───── DATA EXTRACT

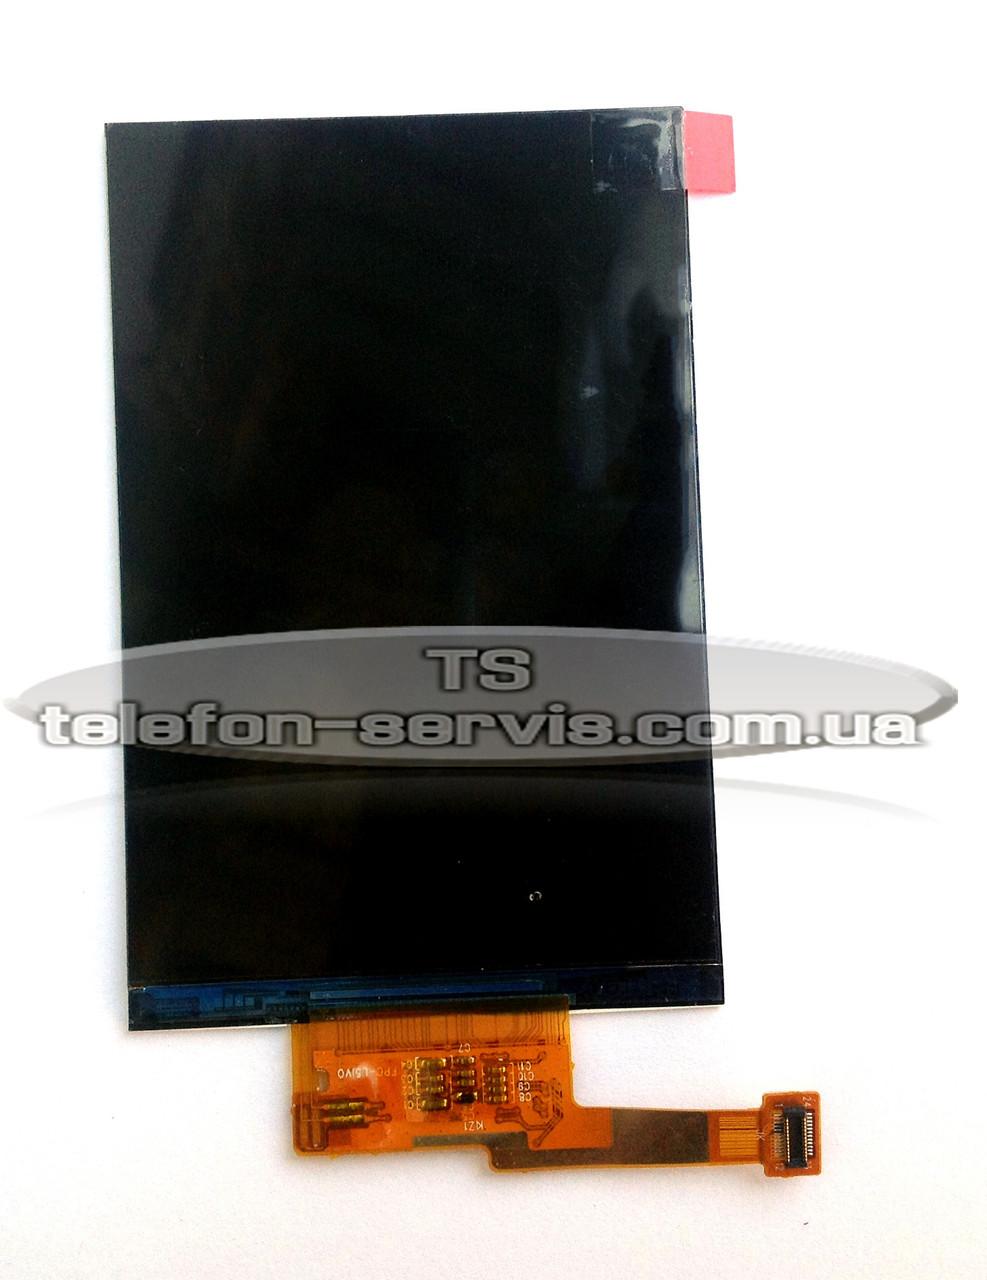 Дисплей LG E610 Optimus L5 E612 Optimus L5 E615 Optimus L5 Dual
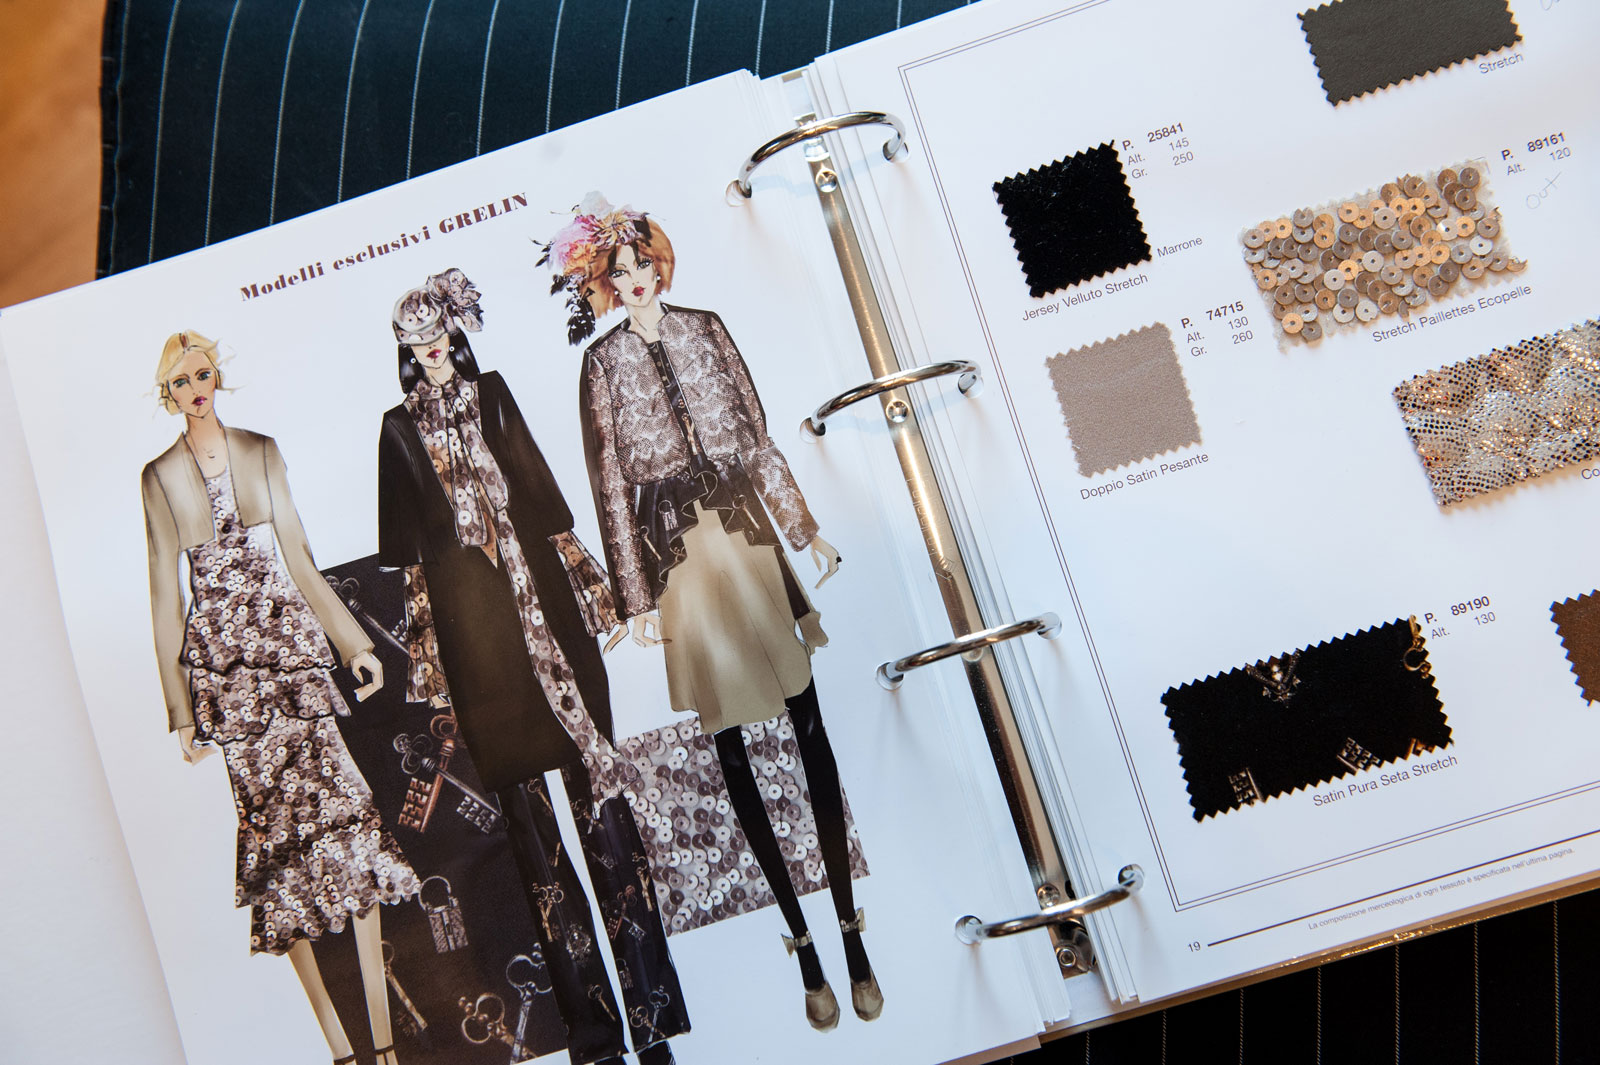 daniels-custom-clothing-minnepolis-156
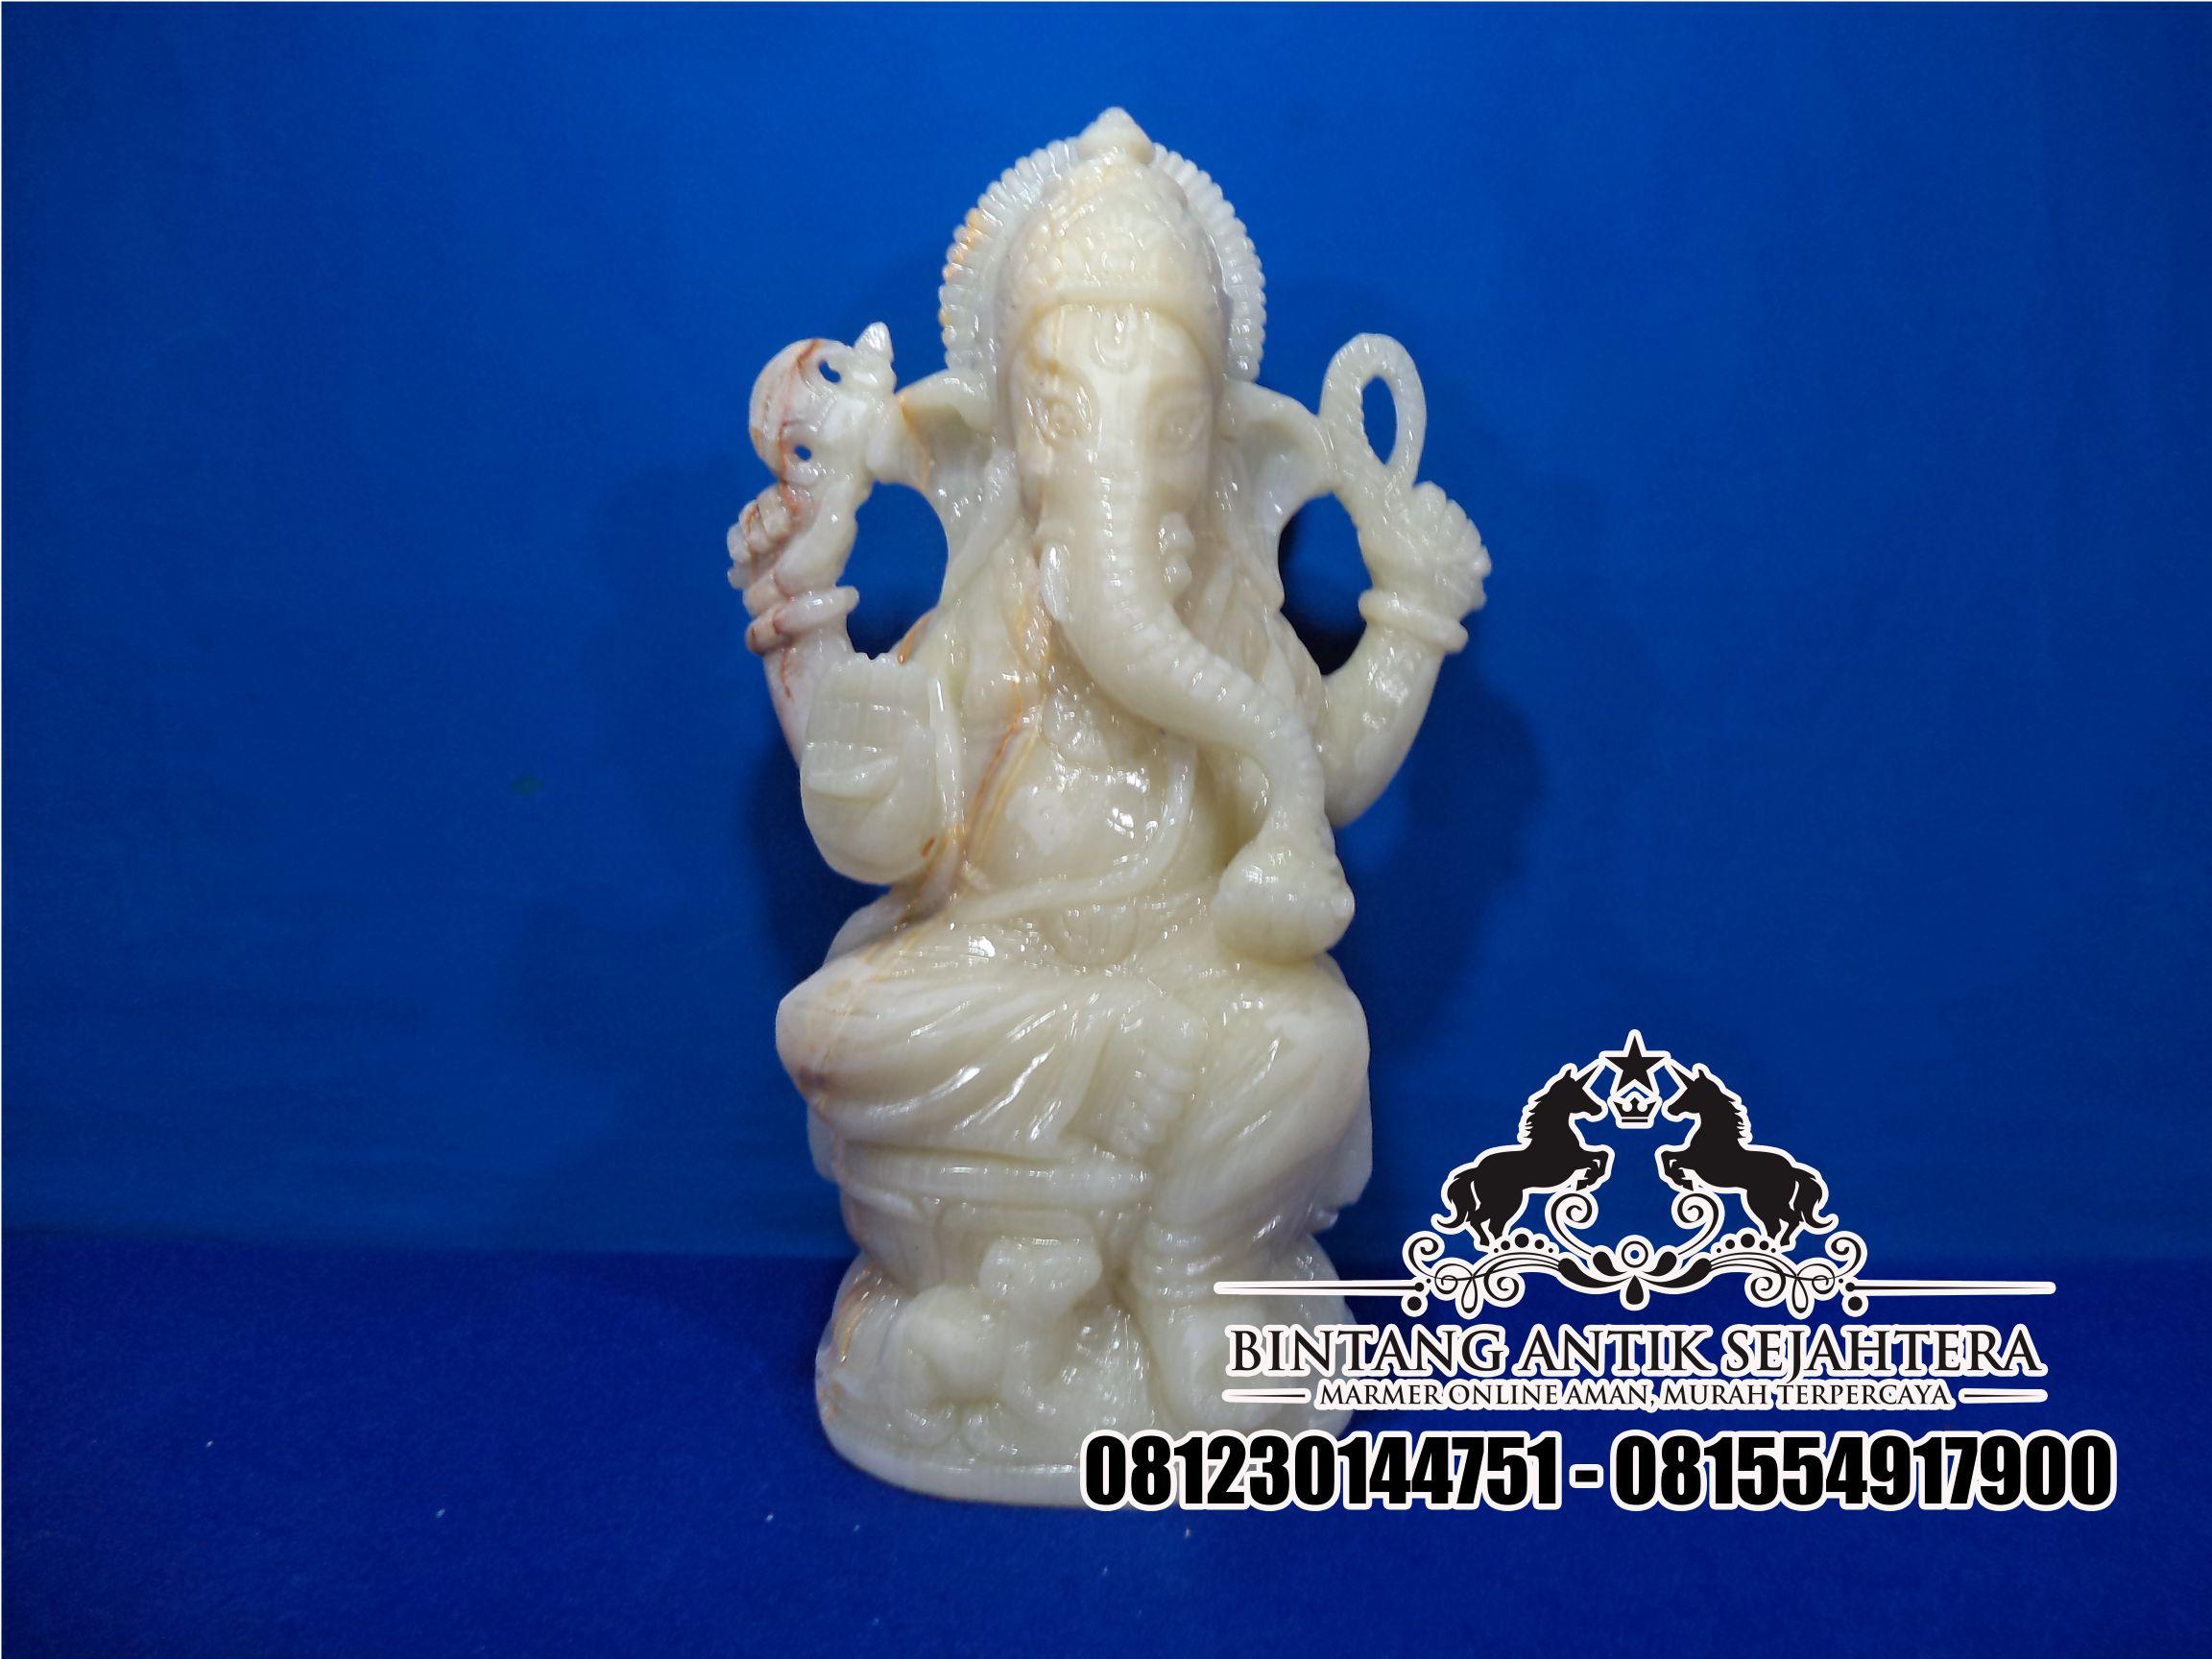 Harga Patung Onix, Patung Budha Onix

──────────

# ABOUT THIS EXERCISE
Write out exactly the lines from the line containing "daniels-custom-clothing-minnepolis-156" through the last line of the listing above, please, and leave out any pictures.

# REPLY TO THE EXERCISE
 daniels-custom-clothing-minnepolis-156
 Harga Patung Onix, Patung Budha Onix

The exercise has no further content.